The Federal Bureau of Investigation (FBI) has filed charges against 10 present and former police officers from the California cities of Antioch and Pittsburg Thursday in a major federal corruption case.

“Today is a dark day in our city’s history, as people trusted to uphold the law, allegedly breached that trust and were arrested by the FBI,” Antioch Mayor Lamar Thorpe said in a statement.

The charges range from cheating on training courses to serious violations of civil rights, Mercury News reported. The focus of the allegations is mainly on Antioch Police Department (APD), which has reportedly faced complaints about excessive force and a scandal involving racist text messages.
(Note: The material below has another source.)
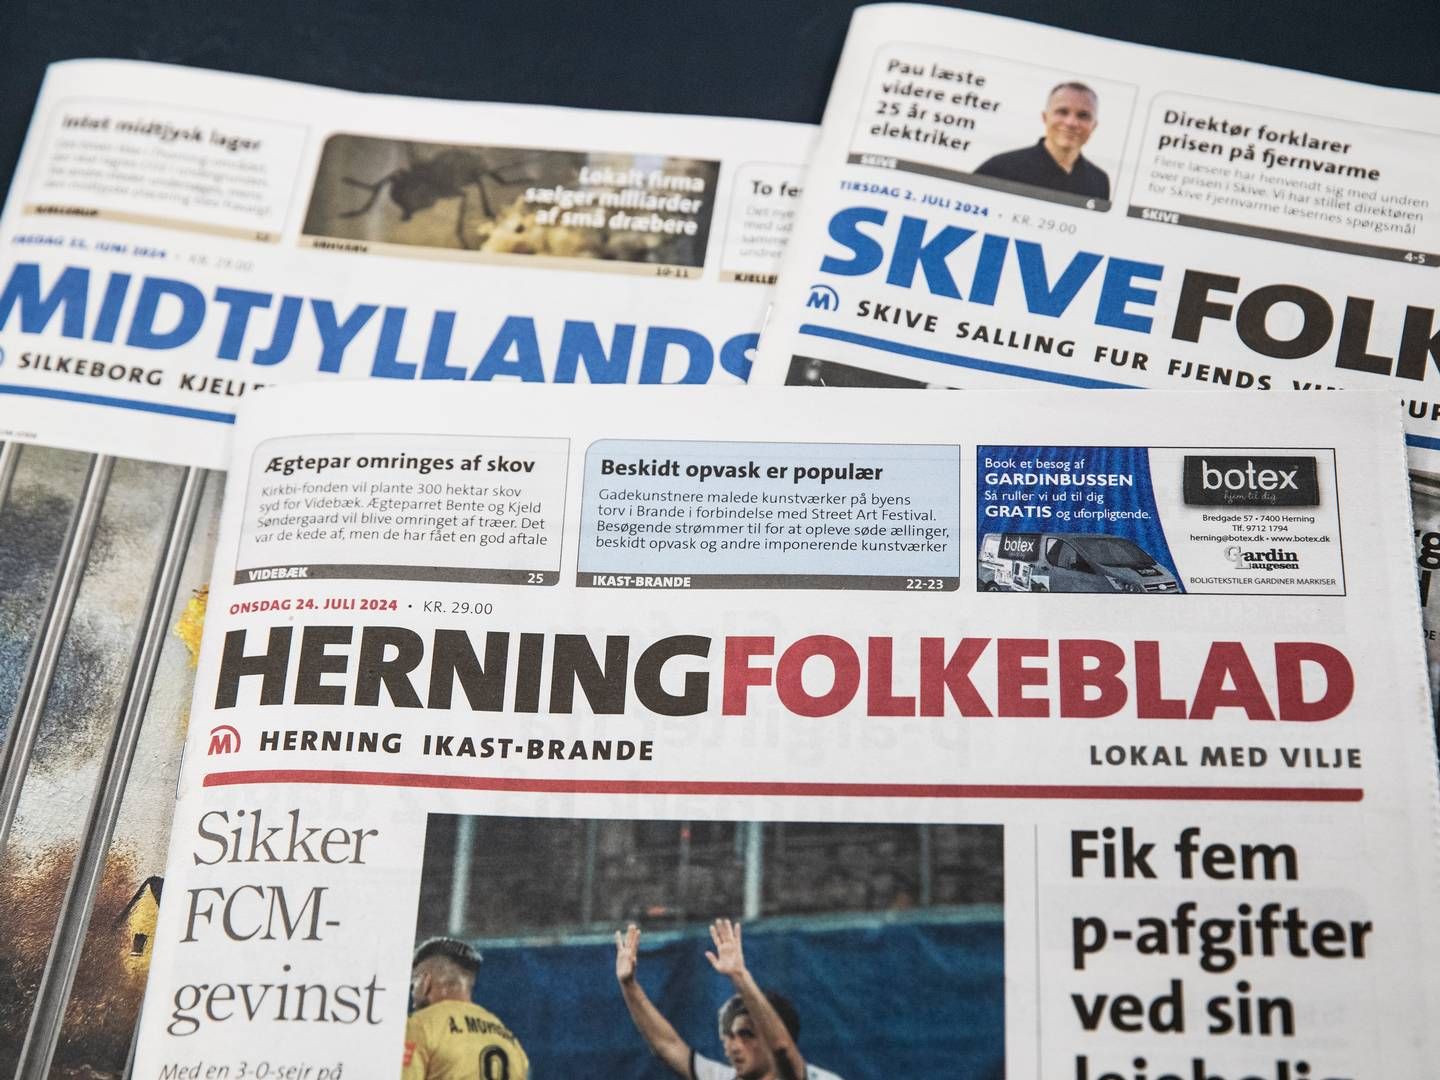 Herning Folkeblad, Midtjyllands Avis og Skive Folkeblad bliver fra 1. september morgenaviser. | Foto: Malene Korsgaard/mediehusene Midtjylland

Three officers, two currently serving and one former, are accused of committing civil rights violations, per Mercury News. The charges alleged they planned violence against specific people, kept “trophies” of their actions and lied in official reports to cover up their deeds.

Text messages exchanged between the officers reportedly reveal conversations discussing violent plans and sharing pictures of the people they targeted. In one instance, officers discussed a plan for violence, Mercury News noted.

APD Officer Devon Wenger wrote, “We need to get into something tonight bro!! Lets go 3 nights in a row dog bite.”

Later that day, APD Officer Morteza Amiri texted Wenger pictures of an injured person they allegedly pulled out of a car and threw to the ground, Mercury News reported. 

Federal officials also charged Wenger and former APD Officer Daniel Harris with possession of and conspiracy to distribute anabolic steroids, according to Mercury News. Authorities charged former APD Officer Timothy Manly Williams with obstruction for allegedly interfering with an ongoing homicide and attempted murder investigation.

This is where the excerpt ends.